In 1993 the highly toxic preparation Taxol was approved for the treatment of patients who had exhausted all other forms of therapy. My supplementary application of 2001 for the treatment of patients who had exhausted all other forms of therapy, when the efficacy, safety and quality of Ukrain had already been proved, was rejected by the same authorities. Both supplementary applications were made on the same legal basis for the treatment of patients who had exhausted all other forms of therapy.
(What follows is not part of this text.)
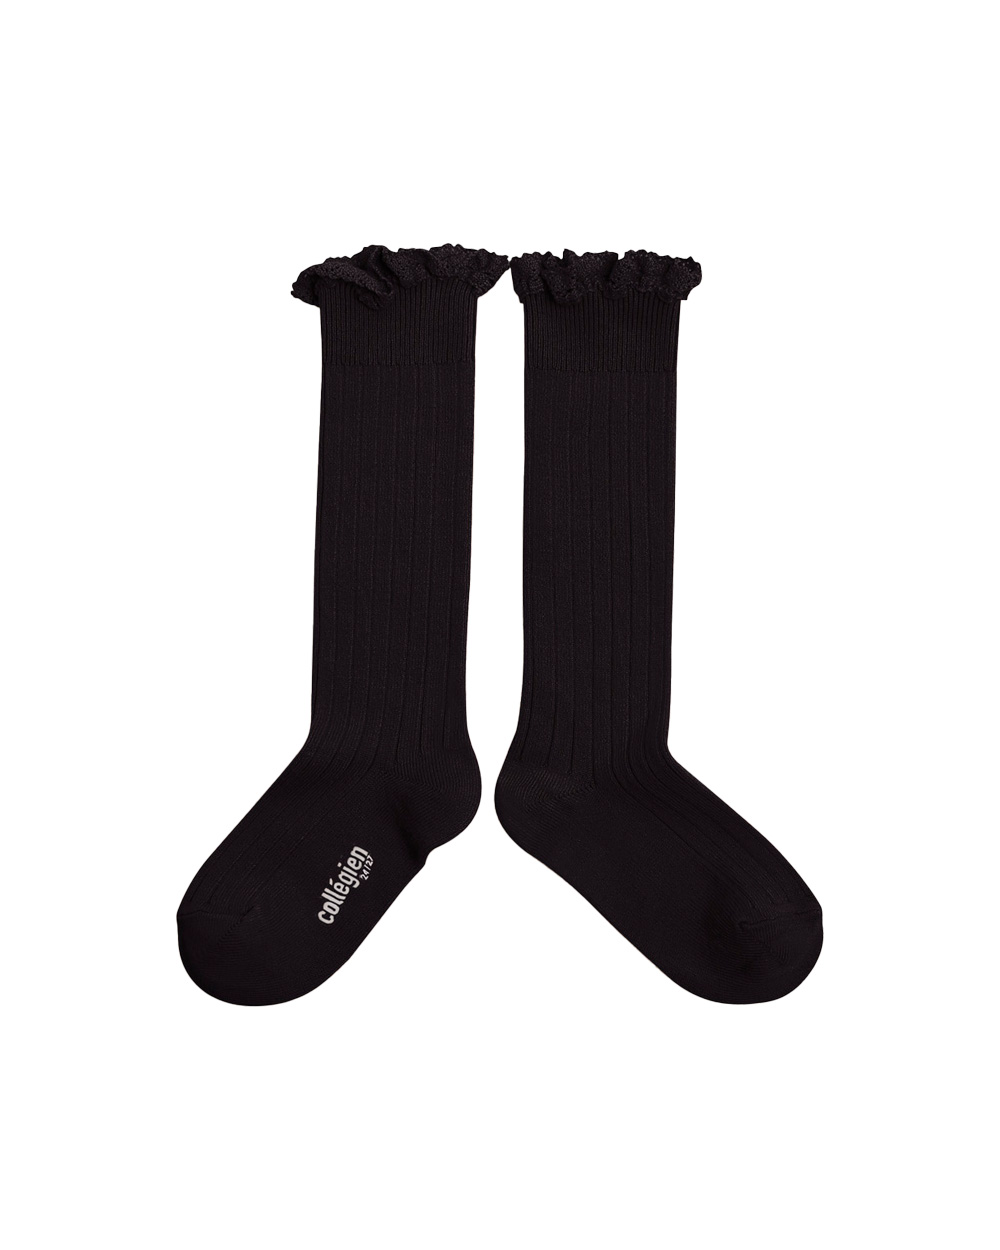 [Collégien] Joséphine - Lace-Trim Ribbed Knee-high Socks - Noir de Charbon [28/31]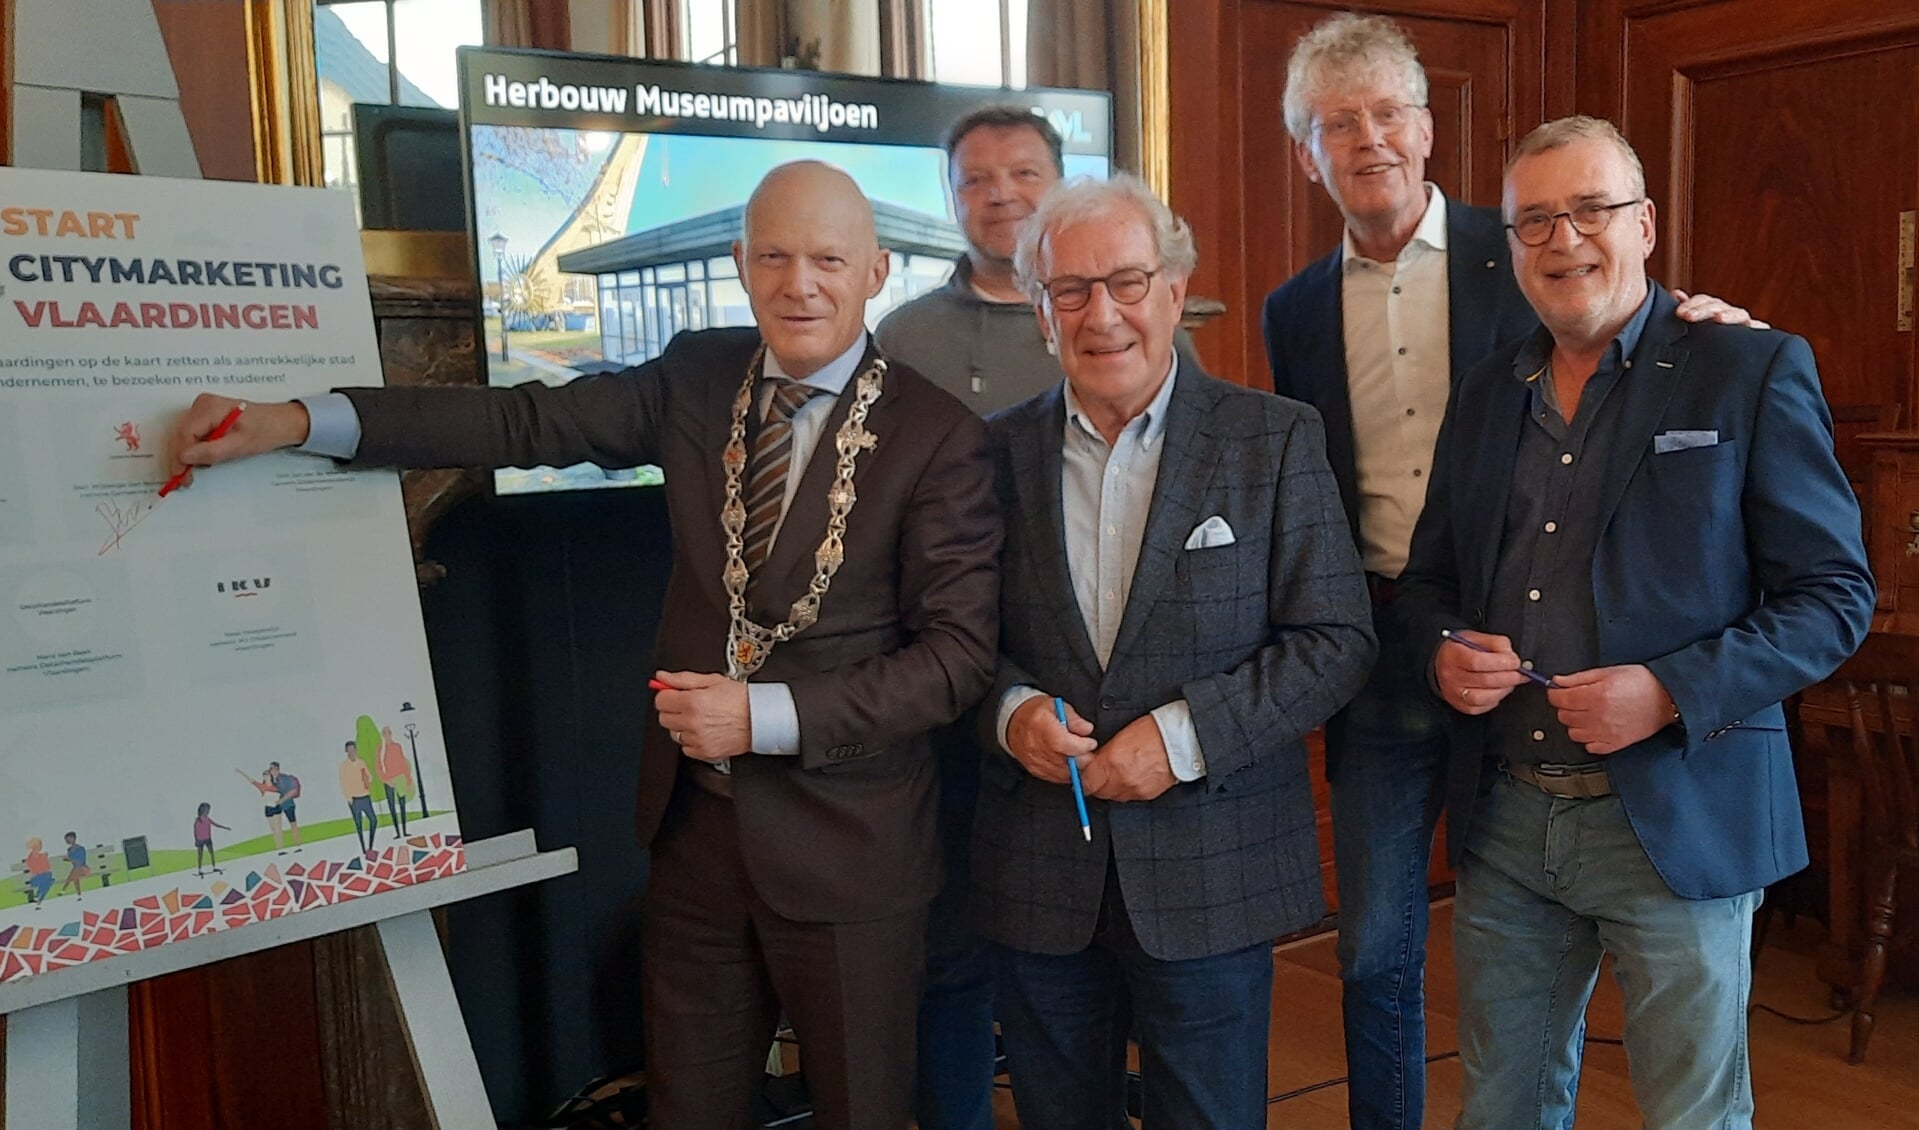 Gerrit van Toor, kijkt met een blij gezicht staande naast burgemeester Bert Wijbenga, hoe het Citymarketingplan met een handtekening wordt bekrachtig. Op de achtergrond kijken v.l.n.r mee Hewi Hoogendijk, Dirk Jan van de Weerdt en Hans van Beek.

The application for the highly-toxic Taxol was approved, the application for the effective and non-toxic Ukrain was rejected.

The approval of Taxol® and the rejection of approval for Ukrain for the treatment of patients who have exhausted all other forms of therapy is a grave breach of Article 7 of the Austrian Constitution, which guarantees the same rights for all citizens in Austria.

 

Obstruction tactics

With the continuation of the registration procedure I gained the impression that ministry officials wanted to deny approval to Ukrain “out of spite” and even consciously wanted to prevent registration. This evidence of conscious obstruction has been documented with certain statements by high-ranking ministry civil servants. It was therefore not surprising that the submission to the ministry in 1986 of the therapy results of 450 further patients who had exhausted all other forms of treatment had no effect. In some of the patients Ukrain brought about a full regression of the tumour, as in the case of metastising melanoma described by Prof. Wodnianski. Until now no other case is known in the specialist literature of a full remission being achieved with another anti-cancer preparation in a case of a metastising melanoma. (www.ukrin.com/docs/wodniansky.pdf) Partial remissions were achieved with another group, as reported by Prof. Judmaier. (www.ukrin.com/docs/Manfreda_1980.pdf) In a third group arrest of tumour growth was achieved without noteworthy side-effects.  (www.ukrin.com/docs/1980-06-30-boltzmann.pdf) A slight improvement in the general condition was observed in other patients.
News of the successes of Ukrain spread among doctors and patients and contributed to the medicine being widely used. Mag. Kowarik heard about Ukrain in this way and declared himself willing to distribute Ukrain via his pharmacy “Zum goldenen Reichsapfel”, Singerstrasse 15, 1010 Vienna. We informed Mag. Kowarik that application had been made for the registration of Ukrain to the Ministry of Health on 28 June 1976 (www.ukrin.com/docs/1981-antrag.pdf) and that approval was expected in a short time.
Because very many patients obtained Ukrain from this pharmacy and Mag. Kowarik was informed about the astonishingly good results of Ukrain treatment with patients who had exhausted all other forms of therapy, he informed the ministry at the time and requested them to grant approval as quickly as possible. He contacted Dr. Jentzsch, the civil servant at the Ministry of Health responsible for the approval of medicines, who said however that “he will have retired before Ukrain is approved”.   (www.ukrin.com/docs/kowarik.pdf)
As can be seen from the attached timeline (www.ukrin.com/docs/chronologie.pdf), instead of granting approval in accordance with the law, endless additional illegal demands were made by the Ministry of Health. Almost as soon as they were fulfilled the ministry immediately made new demands in order to delay approval.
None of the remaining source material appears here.